В городе на мостовых и деревянных тротуарах лежал подтаявший грязноватый снег. Северная зима отступала. Днем уже пригревало солнце. Серый лед на Двине приподнялся. По вспаханному ледоколами руслу могучей, но пока еще спящей реки передвигались морские транспорты, раскрашенные под цвет арктических льдов. На палубах судов торчали жерла зениток, приподнятые и как будто всматривающиеся в голубую предвесеннюю высь.
С утра я неспеша собрался в путь-дорогу. Уложив все необходимое в вещевой мешок, я взял еще четыре томика книг: поэмы Пушкина, Тарле — о 1812 годе, «Избранное» Вольтера и томик Плеханова об искусстве.
Жена пересмотрела взятые мною книги, пожала плечами, удивившись такому причудливому подбору и, обращаясь к сыну, сказала:
— Феликс, ну-ка выбери папе на свой вкус книжку в дорогу на фронт, чтоб он читал и тебя вспоминал.
— Это я могу! — бойко! отозвался сын и, подставив к шкафу табуретку, достал с верхней полки «Чапаева» в красном коленкоровом переплете.
Близкие проводили меня.
Мы расстались на Двине у кромки льда. Тяжелый ледокол шел по фарватеру реки.
По доскам, наскоро переброшенным через ледяные глыбы, я перешел на противоположную кромку льда, обернулся, помахал шапкой жене и сыну.

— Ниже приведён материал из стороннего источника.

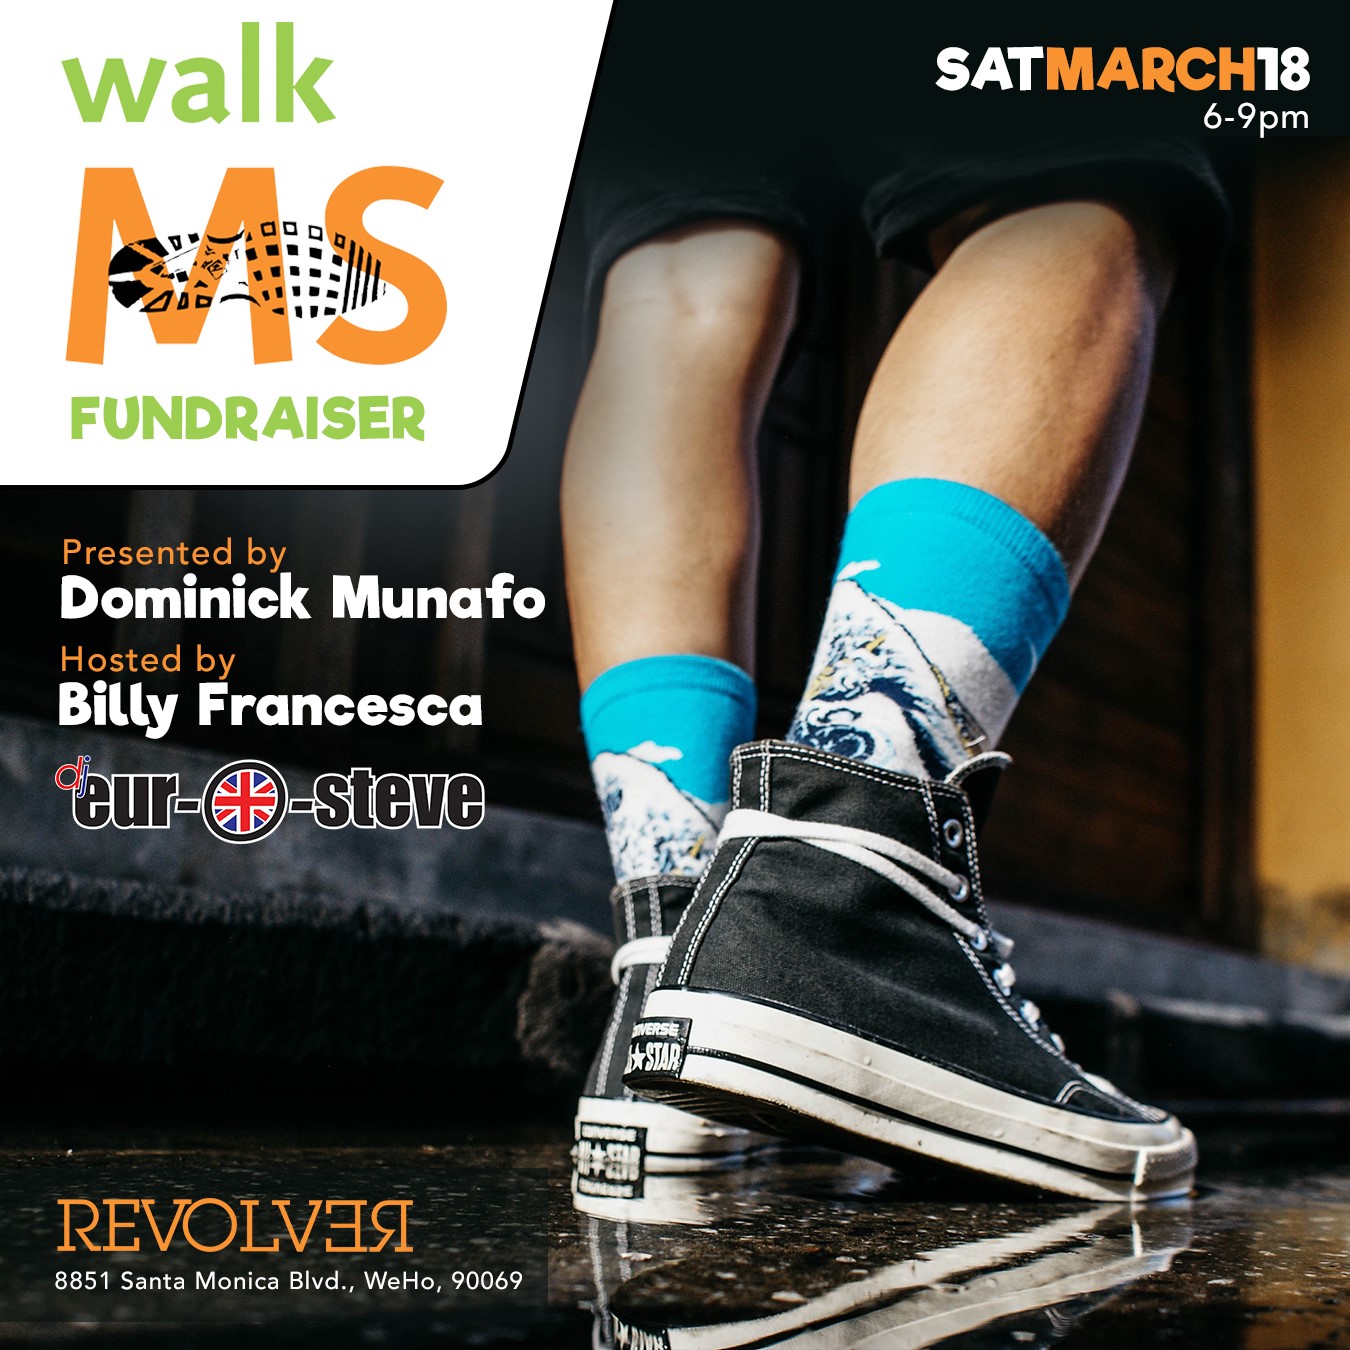 Walk MS Fundraiser

Через четыре часа я доехал до станции Обозерской. Там пересел в мурманский поезд и залег спать.
Утром я проснулся. Поезд шел по железнодорожной ветке Обозерская — Беломорск, построенной незадолго до войны.
После оставления нами Петрозаводска эта ветка была единственным путем, соединявшим фронт с центрами страны.
Северная весна началась. Деревья стряхивали с себя остатки снега, на березах, ивах и ольшаннике набухали и слезились почки. Неугомонно бурлили ручьи, на озерах, в серых водяных закраинах, дыбился приподнятый половодьем лед. Тянулись на север в арктические широты, на дальние острова и побережья первые караваны гусей, лебедей, уток.
В купе со мной ехало несколько бойцов. Голос одного из них показался мне знакомым, я стал внимательней всматриваться в черты его лица. И вдруг припомнил:
— А вот ведь это кто! Ефимыч! Здорово, дружище, помните в Вытегре я видел вас в госпитале.
— Как же, прекрасно помню. Вы тогда старшим лейтенантом были.
— Значит выздоровели?
— Давно, еще в декабре выписался. Да четыре месяца в запасном полку околачивался, военного разума набирался, а теперь снова — воевать.
— В родную Карелию?
— Да, к Карелии мне не привыкать, — отозвался Ефимыч, — сначала-то думал, как и в ту германскую войну, доведется в разных местностях побывать, города разные повидать, а выходит — нет. В своей-то Карелии сподручней. Только вот годы мои не те, ловкости бывалошной нет.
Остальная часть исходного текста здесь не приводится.